Clustering data using DBSCAN and spark_sklearn

3.1k views Asked by At

I want to cluster my input data using DBSCAN and spark_sklearn. I'd like to get the labels of each input instance after clustering. Is it possible?

Reading the documentation on http://pythonhosted.org/spark-sklearn, I tried the following:

temp_data = Spark DataFrame containing 'key' and 'features' columns, 
            where 'features' is a Vector.

ke = KeyedEstimator(sklearnEstimator=DBSCAN(), estimatorType="clusterer")
print ke.getOrDefault("estimatorType") --> "clusterer"

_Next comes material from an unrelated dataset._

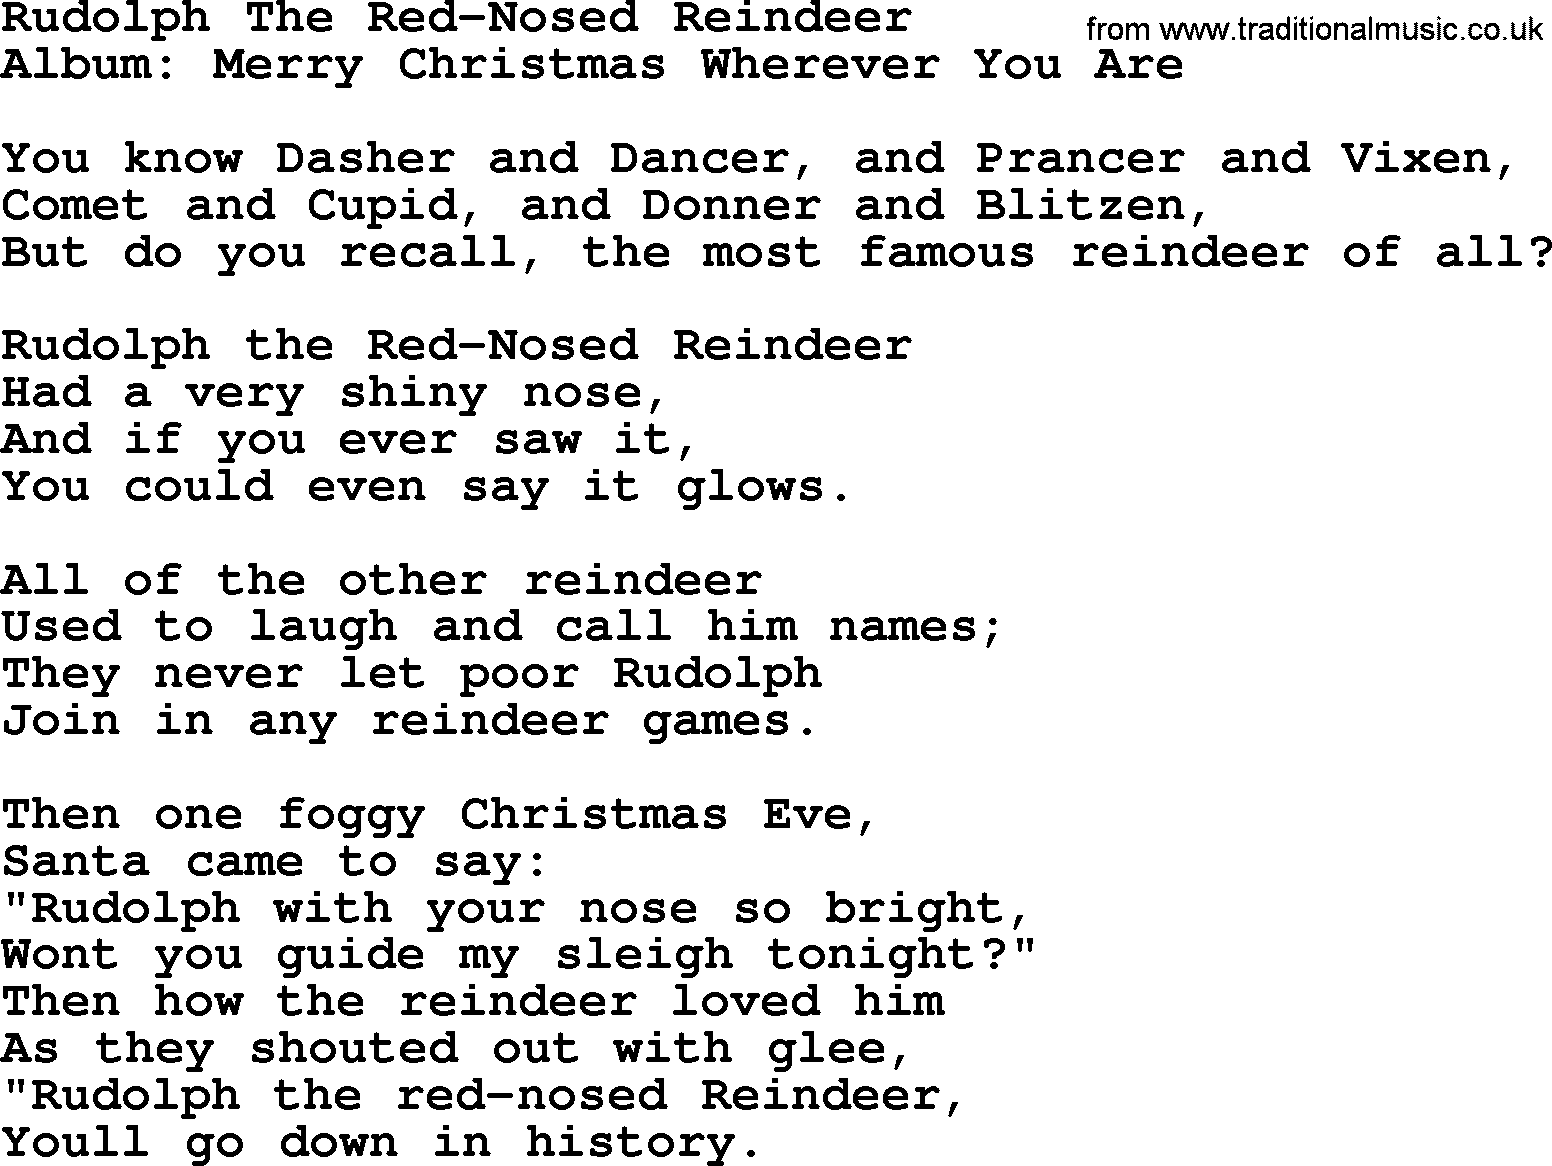 George Strait song: Rudolph The Red-Nosed Reindeer, lyrics

ke.fit_pedict(temp_data) --> ERROR: 'KeyedEstimator' object has no attribute 'fit_predict'

k_model = ke.fit(temp_data)
print k_model.getOrDefault("estimatorType") --> "clusterer"

k_model.fit_pedict(temp_data) --> ERROR: 'KeyedModel' object has no attribute 'fit_predict'

k_model.predict(temp_data) --> ERROR: 'KeyedModel' object has no attribute 'predict'

k_model.transform(temp_data) --> ERROR: estimatorType assumed to be a clusterer, but sklearnEstimator is missing fit_predict() 
(NOTE: sklearn.cluster.DBSCAN actually have fit_predict() method)

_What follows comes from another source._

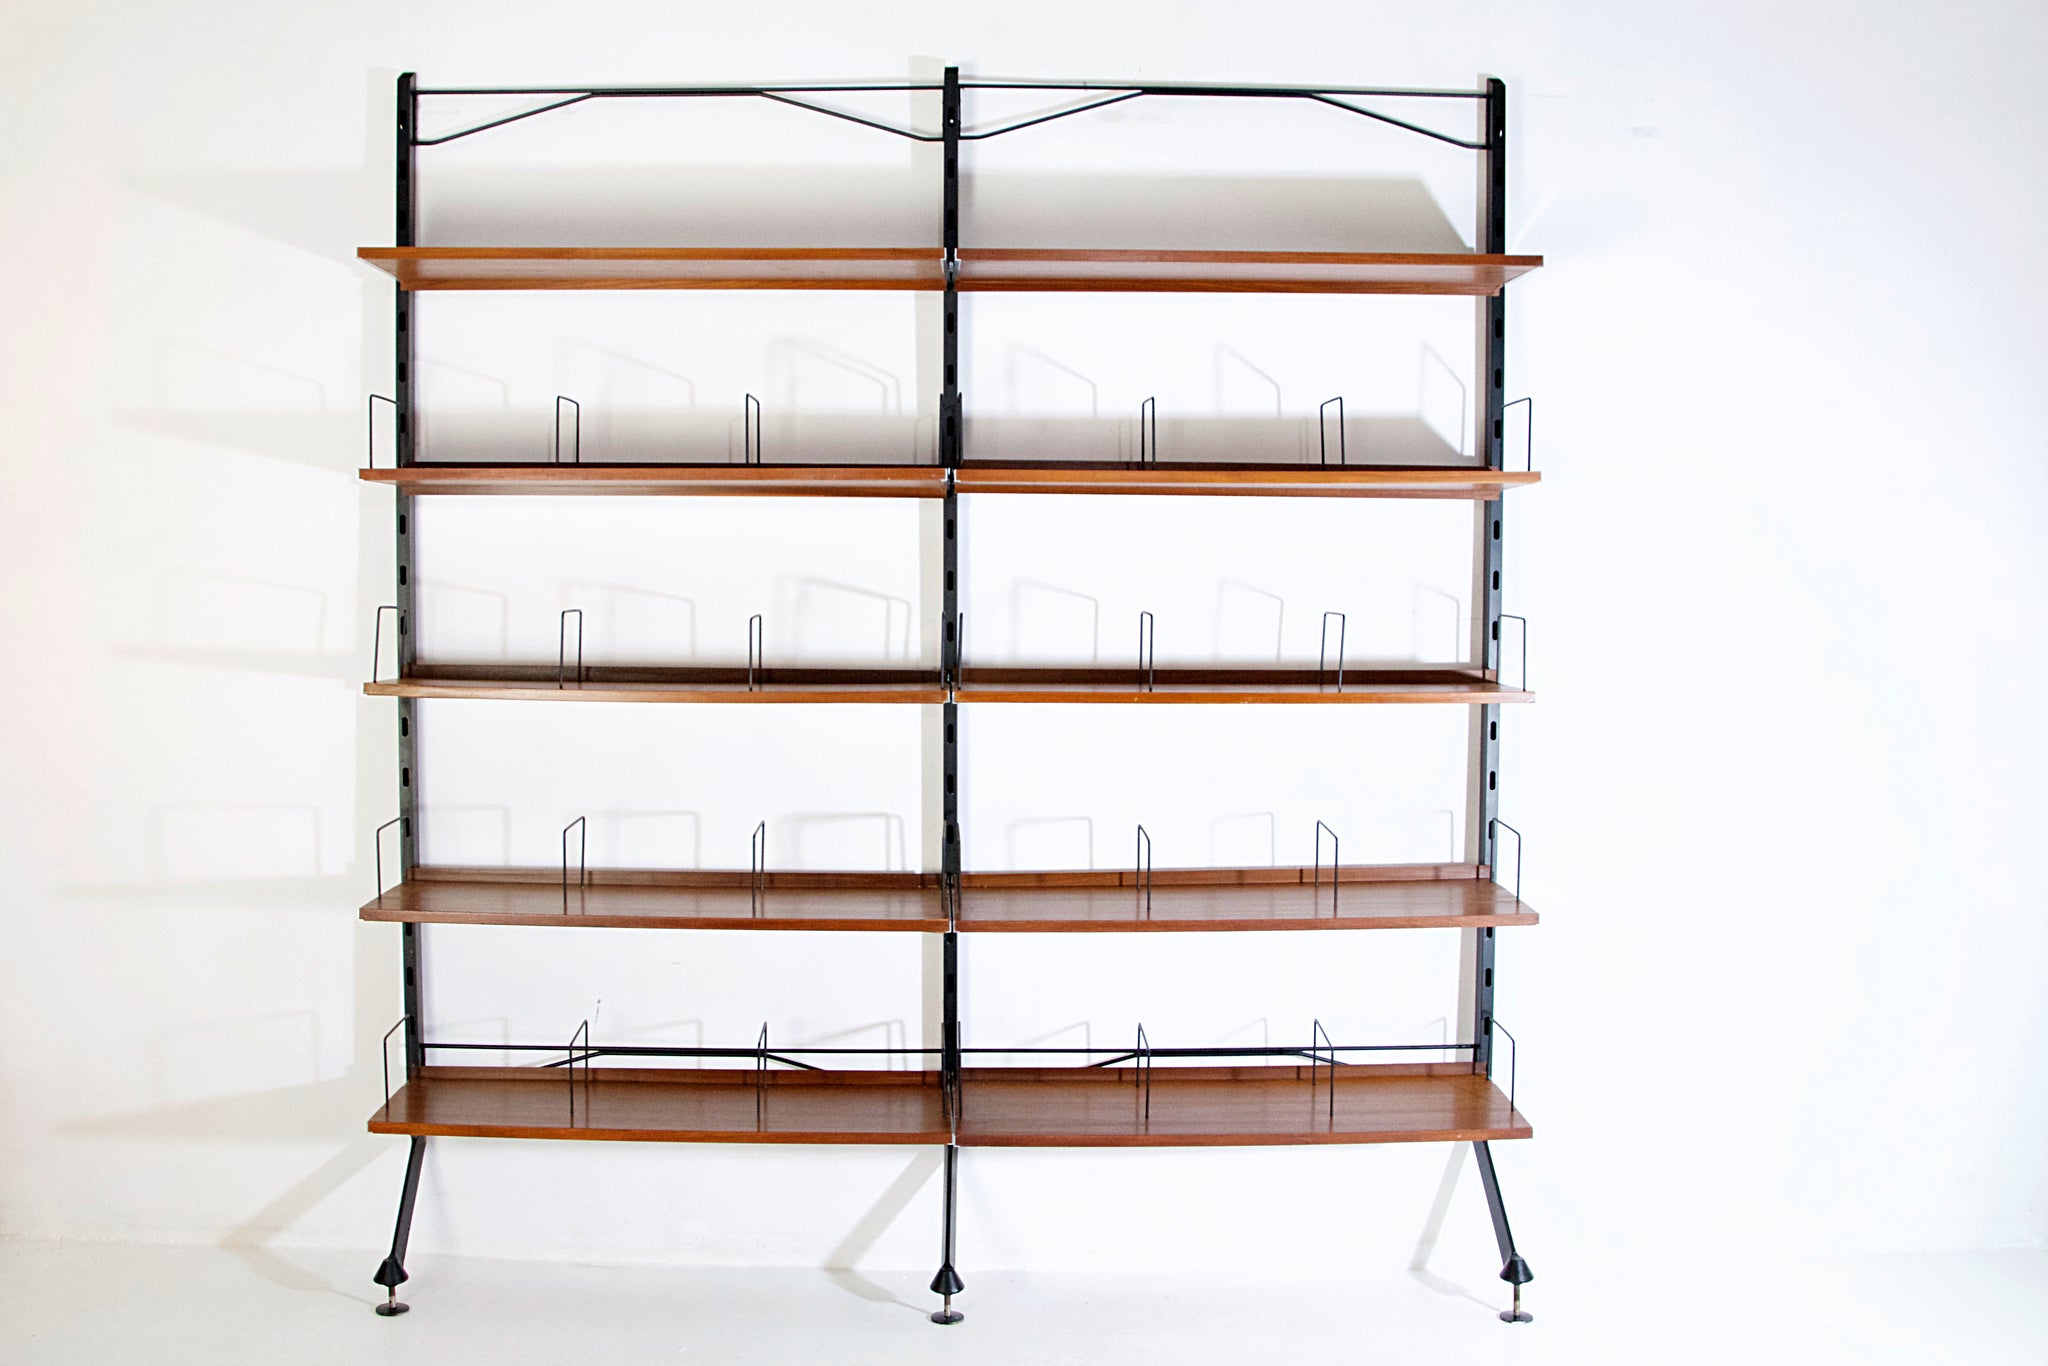 Wall unit designed by Ico Parisi 1958 for MiM, Rome. All shelves are adjustable in height and also has moveable stands for books which are adjustable. The unit is designed to lean on a wall. It has holes so it can be fastened in a wall.

Expertise

What I normally do using sklearn (without spark) is to fit (dbscan_model.fit(temp_data-features)) and get labels from the model (labels = dbscan_model.labels_). It is also fine if I can get the 'labels_' attribute using spark-sklearn.

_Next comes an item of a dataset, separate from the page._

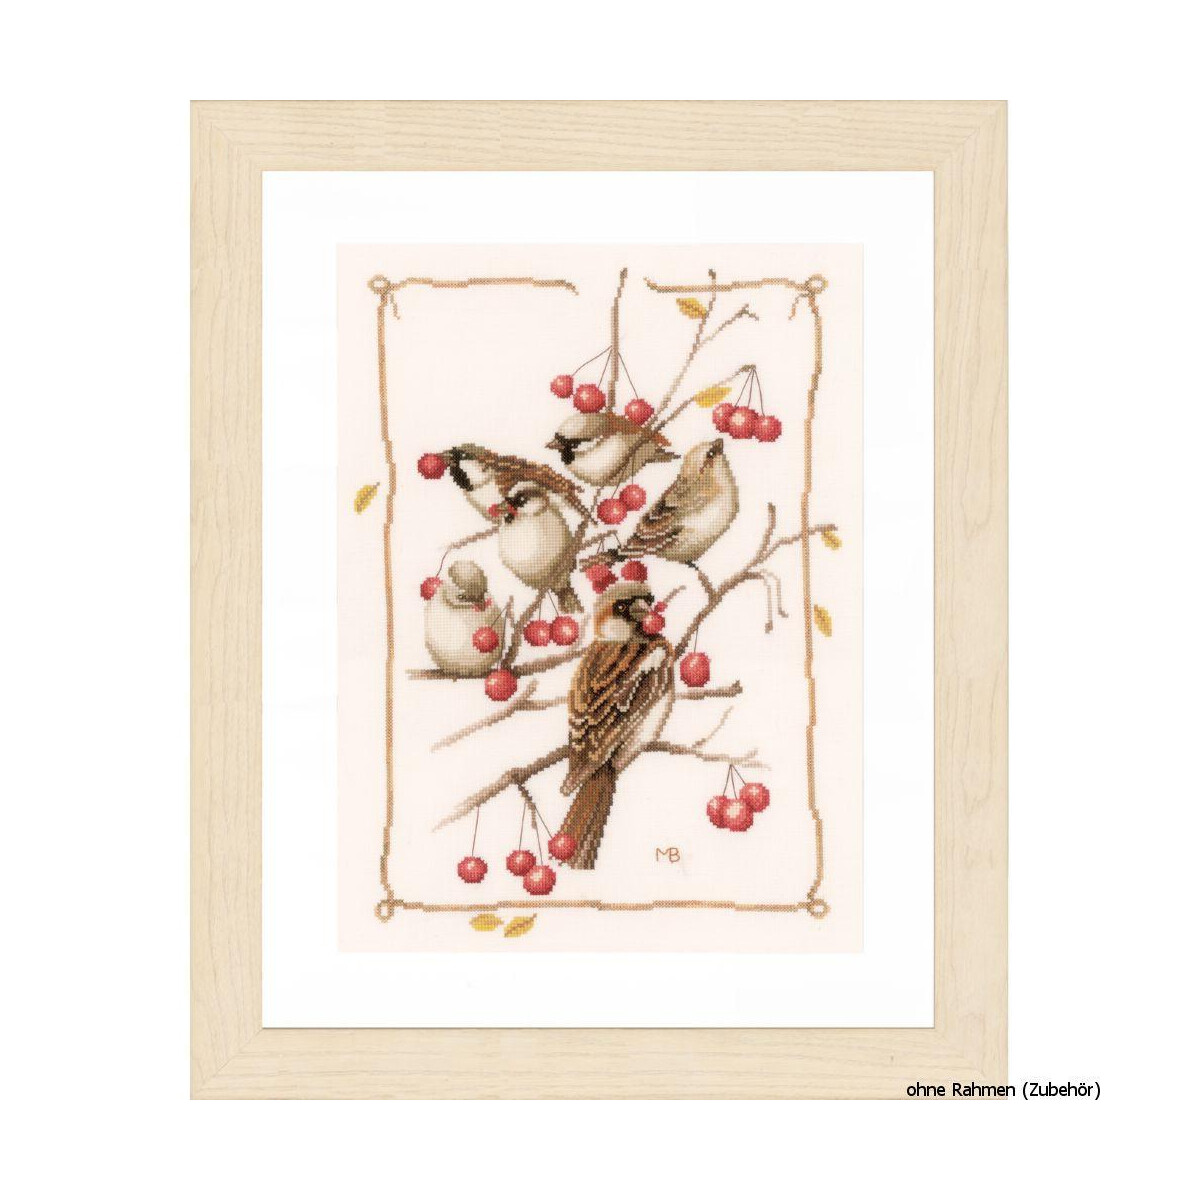 A framed work of art shows five birds sitting on branches...

If the above-mentioned calls ('transform' or 'predict') doesn't work, is it possible to get the 'labels_' after fitting data using spark-sklearn? How can I do that? Assuming that we obtained the 'labels_', how can I map the input instances to the labels_? Do they have same order?

2

There are 2 answers

0
user2737636 On

I've managed to get the 'labels_' attribute; however I still don't know if the order of resulting labels are same as the input instances or not.

temp_data = Spark DataFrame containing 'key' and 'features' columns, 
        where 'features' is a Vector.

ke = KeyedEstimator(sklearnEstimator=DBSCAN())
k_model = ke.fit(temp_data)

def getLabels(model):
    return model.estimator.labels_

labels_udf = udf(lambda x: getLabels(x).tolist(), ArrayType(IntegerType()))("estimator").alias("labels")
res_df = km_dbscan.keyedModels.select("key", labels_udf)
2
eliasah On

It's just possible in the case of KMeans, in which we can predict cluster labels, since the scikit-learn estimator provides this functionality.

Unfortunately, this is not the case for some other clusterers, such as DBSCAN.